Those reports are interesting. The first one said in part, “We are proud of Burlington, but its future gives us grave concern. Our association was formed not simply to present the facts about greyhound racing, but to investigate all future problems affecting the welfare of the town. Burlington people….are entitled to FACTS about the subject, not theories and half-truths. The economic aspects of the proposed track…. immediate drop in the town tax rate …. from $42 to $33.”

The second report did its best to get the support of the veterans’ organizations by quoting, “At Raynham last year, in the six nights of racing, the entire profits of $53,000 were devoted to charity,” the biggest chunk going to the American Legion at $18,778.

The tracks at Raynham and Dighton were in towns similar in size to Burlington and thus were cited in the proposal. The proponents quoted Dighton’s welfare board chairman as saying, “There has not been one welfare case as a result of the track.” This to refute the argument that Burlington’s poor would spend all their money at the track.

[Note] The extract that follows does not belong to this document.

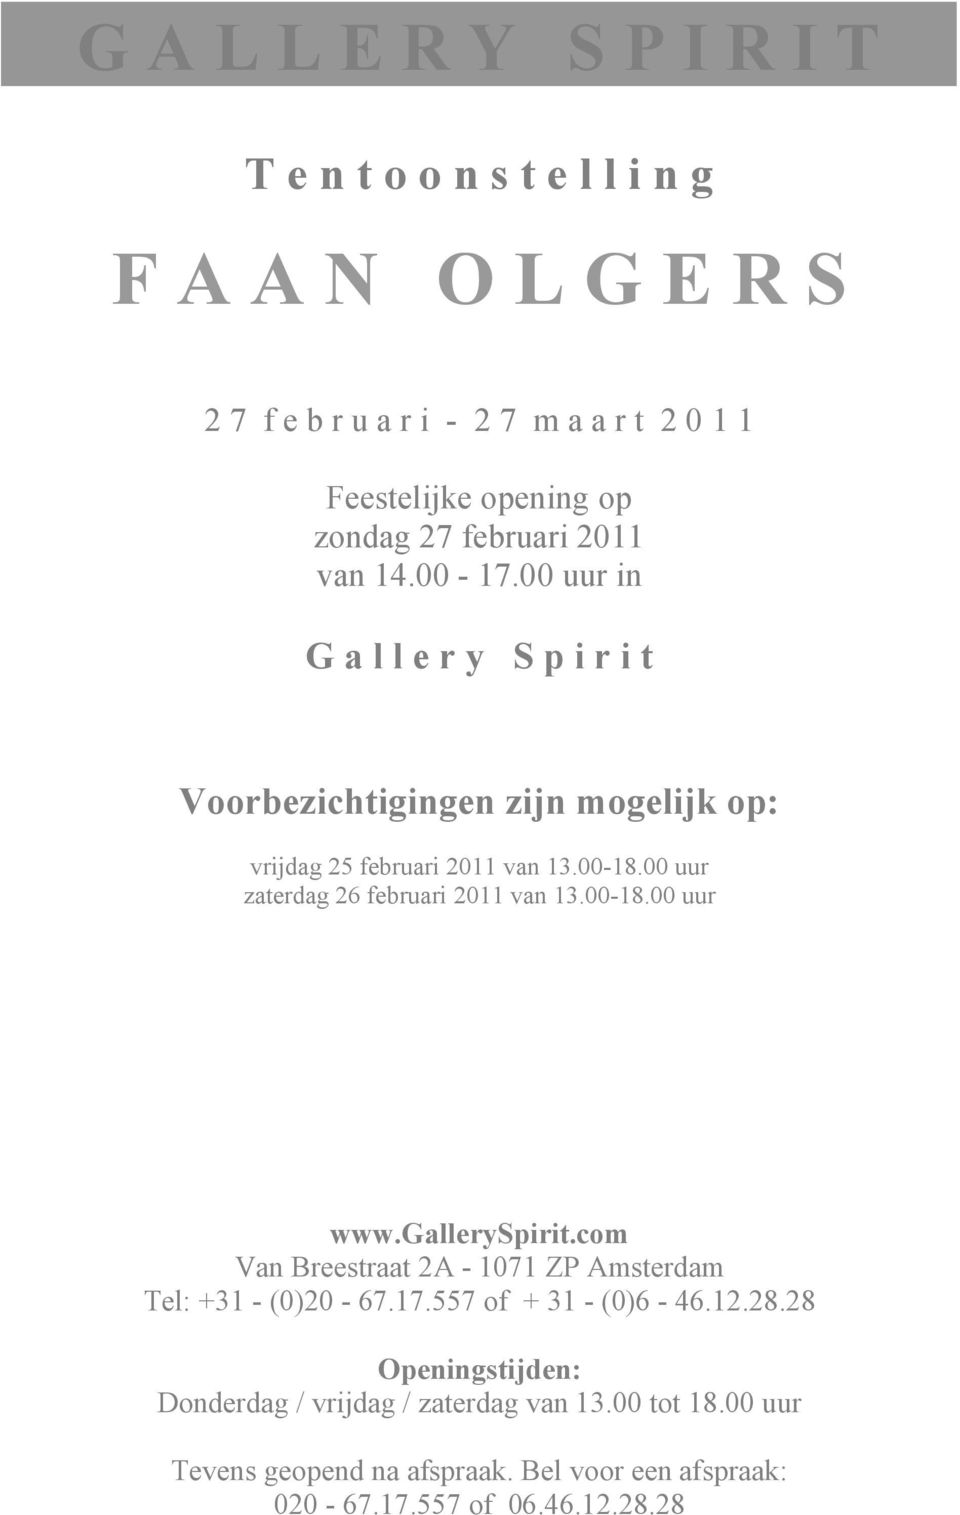 00 uur zaterdag 26 februari 2011 van 13.00-18.00 uur www.galleryspirit.com Van Breestraat 2A - 1071 ZP Amsterdam Tel: +31 - (0)20-67.17.

Burlington residents were urged to see “Johnny Eager,” a movie starring Lana Turner and Robert Taylor, because it had footage of the Dighton track and would show “excellent views of the track, a typical crowd there, and a smooth-functioning traffic and parking system.” Subsequent issues gave answers to questions supposedly sent to the association by concerned citizens. Some of them were serious and factual, others tongue-in-cheek:

For instance:

Question: “I would like to put up a gasoline station in Burlington. Where can this be done?”

Answer: “It cannot be done. The only places left in town where any type of business may establish under our present zoning laws are two small areas, and neither property is for sale.”

Question: “We want this to be a residential town. What do we care if no business moves to Burlington?”

Answer: “No persons will build homes in any number here because of the high tax rate, lack of water and lack of transportation facilities.”

Question: “The association doesn’t put much in the letters of interest to women. Why should women care about the tax rate? Or about whether taxable business comes to town?”

Answer: “Suppose the tax rate dropped $8.80. That would mean that for each $1,000 worth of property your husband owns, you would have $8.80 more to spend. The average assessed value of property here is about $3,000. That would mean $26.40 more for you to spend. In nylons, that would be almost 22 pairs; 22 pairs of nylons each year! Madam, if you don’t care about the tax rate, you should!”

Article No.8 of the June 19, 1946 Town Meeting asked the voters to change from a Residential B zone to a business zone over 200 acres of land situated on both sides of South Bedford Street, bounded south by Blanchard Road to its junction with Wheeler Road, and then on a straight line northward crossing South Bedford Street again at its junction with Stonybrook Road.

The Planning Board held its meeting on the article on May 31 and then recommended to the assembled Town Meeting “that the area in question be changed.” However, only Allan Cronin and Alexander Brown had voted in favor; Carl Hall had voted in opposition and the other two members, Jack Moss and Ralph MacDonald, had not voted at all.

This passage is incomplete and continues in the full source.